We can reduce this to second order through the Fourier transform

The main idea here is that the Gamma factor satisfies a somewhat nice PDE

which is absent in the case for the classical gamma factor of $\pi^{-s/2}\Gamma(s/2)$

I forgot the hats on the $\Gamma[]$ in complex heat equation

$\hat \Omega$ just notates the F.T. of $\Omega$

John Zimmerman

13:45

In 1976, Newman showed that the Riemann hypothesis failed
for sufficiently large negative t. Combining this with de Bruijn’s
results, we conclude that there exists a real number
−∞ < Λ ≤
1
2
, now called the de Bruijn-Newman constant, such
that the Riemann hypothesis at time t is true if and only if t ≥ t0.
The classical Riemann hypothesis is then equivalent to the
assertion Λ ≤ 0. Newman then made the opposite conjecture
Λ ≥ 0; intuitively, if the (classical) Riemann hypothesis is true,
then it is only “barely so”: any deformation of the Riemann xi

Jakobian

14:52

@ThomasFinley There is no reason to obscure notation in this way. Sorry but I won't read this

Thomas Finley

@Jakobian ok, I understand. But the takeaway is: "A polynomial of degree n over an integral domain has atmost n roots" is a standard theorem, correct? Anyways, you helped me a great deal, though.

Jakobian

15:23

@ThomasFinley Its a standard theorem. Even more known is the one for fields. However, you can prove the one for the integral domains from the one for fields, for example.

Jayaraman adithya

can someone please answer my question math.stackexchange.com/q/4825370/942050

Jakobian

@Jayaramanadithya $\mu_B(x)\leq \inf\{s : p(x) < s\} = p(x)$

or say, take $s_n = p(x)+1/n$ then $p(x) < s_n$ so $\mu_B(x) \leq s_n$, and now since $s_n\to p(x)$ you obtain $\mu_B(x)\leq p(x)$

Jayaraman adithya

15:42

@Jakobian Thank you very much

Thomas Finley

16:19

@Jakobian thanks!

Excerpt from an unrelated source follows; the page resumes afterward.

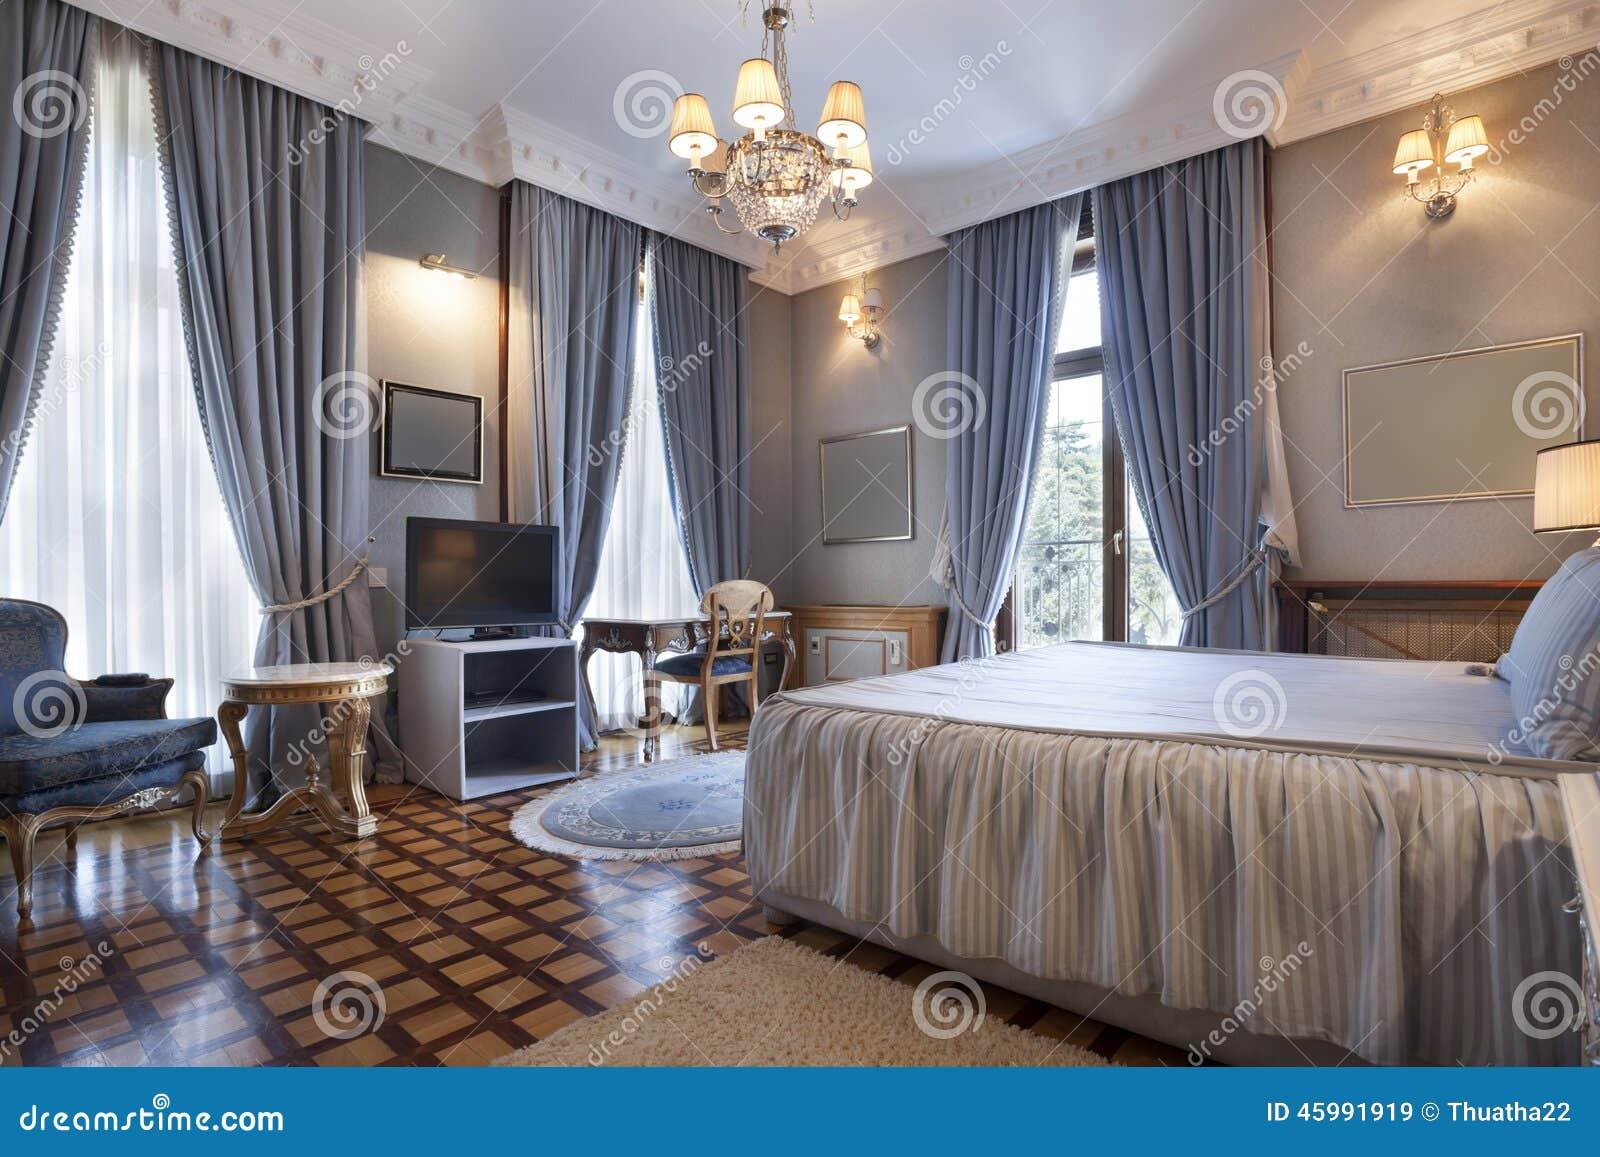 https://thumbs.dreamstime.com/z/interior-de-um-quarto-cl%C3%A1ssico-do-estilo-na-casa-de-campo-luxuosa-45991919.jpg

I get it.

Semiclassical

16:35

@Obliv in quantum physics it's more often the spatial FT, since that's what defines the relation between position space and momentum space

in circuits you don't have space so you just see transforms w/r/t to time, but often that's the Laplace transform b/c you want to handle signals that start at some time 0

in electrodynamics you see both

the only annoying point is conventions. in physics, if you do both space and time FTs you get $$\begin{equation}
f(\mathbf{x},t) \propto\int_\mathbb{R}\int_{\mathbb{R}^3} e^{i(\mathbf k \cdot \mathbf x - \omega t)} \widehat f(\mathbf k,\omega)\ \mathrm d^3k\,\mathrm d\omega
\end{equation}$$

(technically this is the inverse FT---I'm grabbing from another source b/c i'm lazy)

main thing to notice is that the space variables transform with one sign in the exponent while the time variable transforms with the opposite sign

which makes sense on physics grounds, b/c said exponent (the phase) has level curves of the form $\mathbf{k}\cdot \mathbf{x}-\omega t=$ const

eh, that explanation isn't as helpful as i want it to be. mostly just focus on the different conventions

you also see physicists often getting lazy and writing $f(\mathbf{k},\omega)$ as tho $f$ is the same function

usually i don't mind that kind of lazy physics convention, but for FTs i really do prefer to keep them separate

honestly the spatial FT is easier for me to make sense of in most contexts, if only b/c the temporal FT brings up the question of what a negative frequency means

Thomas Finley

17:13

0

Q: Let $R$ be a ring and $P$ be an ideal containing an ideal $I$ of $R.$ Show that $P$ is a maximal ideal of $R$ iff $P/I$ is a maximal ideal of $R/I.$

Let $R$ be a ring and $P$ be an ideal containing an ideal $I$ of $R.$ Show that $P$ is a maximal ideal of $R$ iff $P/I$ is a maximal ideal of $R/I.$ My attempt so far is as follows: Let $P/I$ be a maximal ideal of $R/I$ then, let $U$ be a ideal of $R$ such that $P\subseteq U\subseteq R.$ This mea...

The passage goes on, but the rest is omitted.